How to get rows where at least two distinct values are in a column?-CodePudding

I have a log file and I want to report the IP addresses that initiated more than one (at least two) type of protocol connections, while showing these protocols. I'm trying to get these results by using both the DataFrames API and SparkSQL.

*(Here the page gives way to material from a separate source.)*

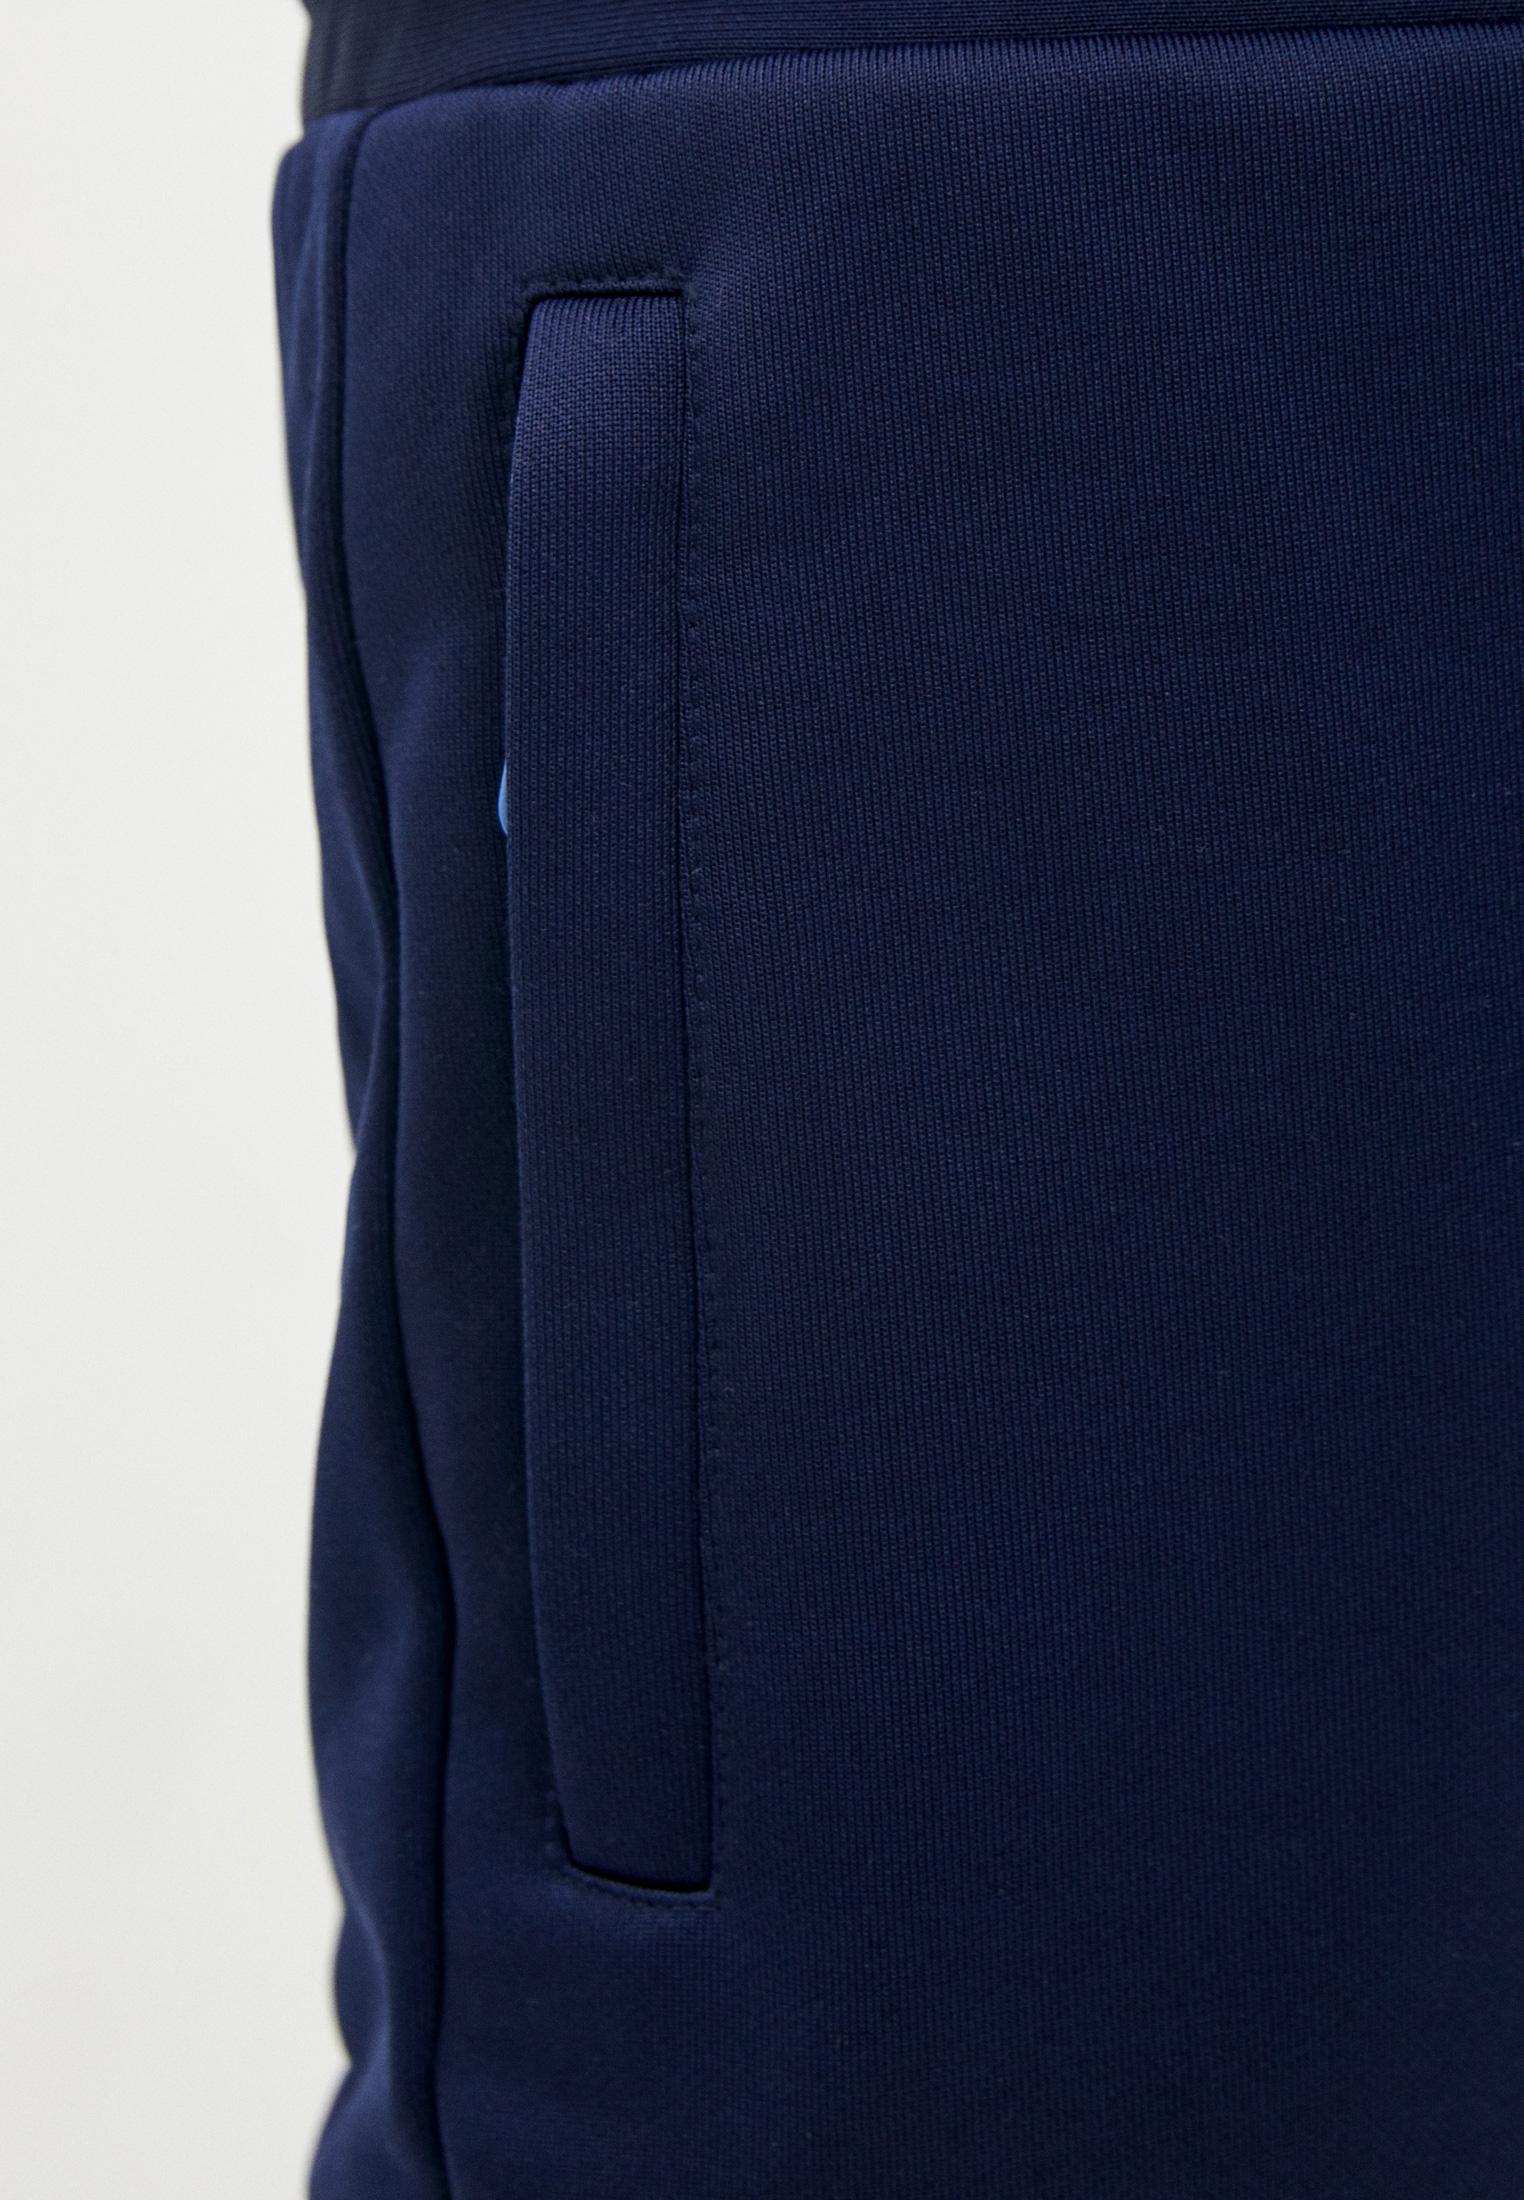 Мужские повседневные брюки Bikkembergs (Биккембергс) C 1 025 01 M 3816: изображение 5

Here is a sample of my data:

 ---------------- -------- -------- --------------- -------------- --------- ------------- ------ ----- 
|       Timestamp|Duration|Protocol|BytesOriginator|ResponderBytes|LocalHost|   RemoteHost| State|Flags|
 ---------------- -------- -------- --------------- -------------- --------- ------------- ------ ----- 
|748162802.427995| 1.24383|    smtp|              ?|             ?|        1| 128.97.154.3|   REJ|    L|
|748162802.803033| 3.96513|    smtp|           1173|           328|        3|  128.8.142.5|    SF| null|
|748162804.817224| 1.02839|    nntp|             58|           129|        2|   140.98.2.1|    SF|    L|
|748162812.254572| 138.168|    nntp|         363238|          1200|        4| 128.49.4.103|    SF|    L|
|748162817.478016| 10.0858|    nntp|            230|           100|        4| 128.32.133.1|    SF|    N|
|748162833.453963| 2.16477|    smtp|           2524|           306|        5|192.48.232.17|    SF| null|
|748162836.735788| 13.1779|    smtp|          16479|           174|       16| 128.233.1.12|RSTRS3|    L|
|748162839.930331| 6.69767|    smtp|           3104|           371|        8|   139.91.1.1|    SF|    L|
|748162841.854151| 2.07407|    smtp|           1172|           380|        6|  128.8.142.5|    SF| null|
|748162854.814153| 131.659|    nntp|         319292|          1220|        4| 128.110.4.25|    SF|    L|
|748162866.207165| 51.8406|    nntp|         135714|           280|        4| 128.110.4.25|    SF| null|
|748162866.600750|0.402045|    smtp|              ?|             ?|        1| 128.97.154.3|   REJ|    L|
|748162869.790751| 172.363|    smtp|              0|             0|       16|132.230.6.100|    SF|    L|
|748162873.491682|  102.88|    nntp|            346|           180|        4| 128.32.136.1|    SF|   LN|
|748162875.237378| 5.32943|    nntp|             90|            85|        4| 128.32.133.1|    SF|    N|
 ---------------- -------- -------- --------------- -------------- --------- ------------- ------ -----

I tried to filter my dataframe but I keep getting an error, I don't know if I should use the Window function or not. By using SparkSQL, so far I'm getting the IPs but without the protocols.

Here's what I did:

custom_schema = StructType([
    StructField('Timestamp', StringType(), True),
    StructField('Duration', FloatType(), True),
    StructField('Protocol', StringType(), True),
    StructField('BytesOriginator', StringType(), True),
    StructField('ResponderBytes', StringType(), True),
    StructField('LocalHost', StringType(), True),
    StructField('RemoteHost', StringType(), True),
    StructField('State', StringType(), True),
    StructField('Flags', StringType(), True) 
])

logs = spark.read.csv('lbl-conn-7.csv', header=False, sep=' ', schema=custom_schema)

# I get an error
logs.select('RemoteHost', 'Protocol').distinct().filter(F.countDistinct('Protocol') > 1).show()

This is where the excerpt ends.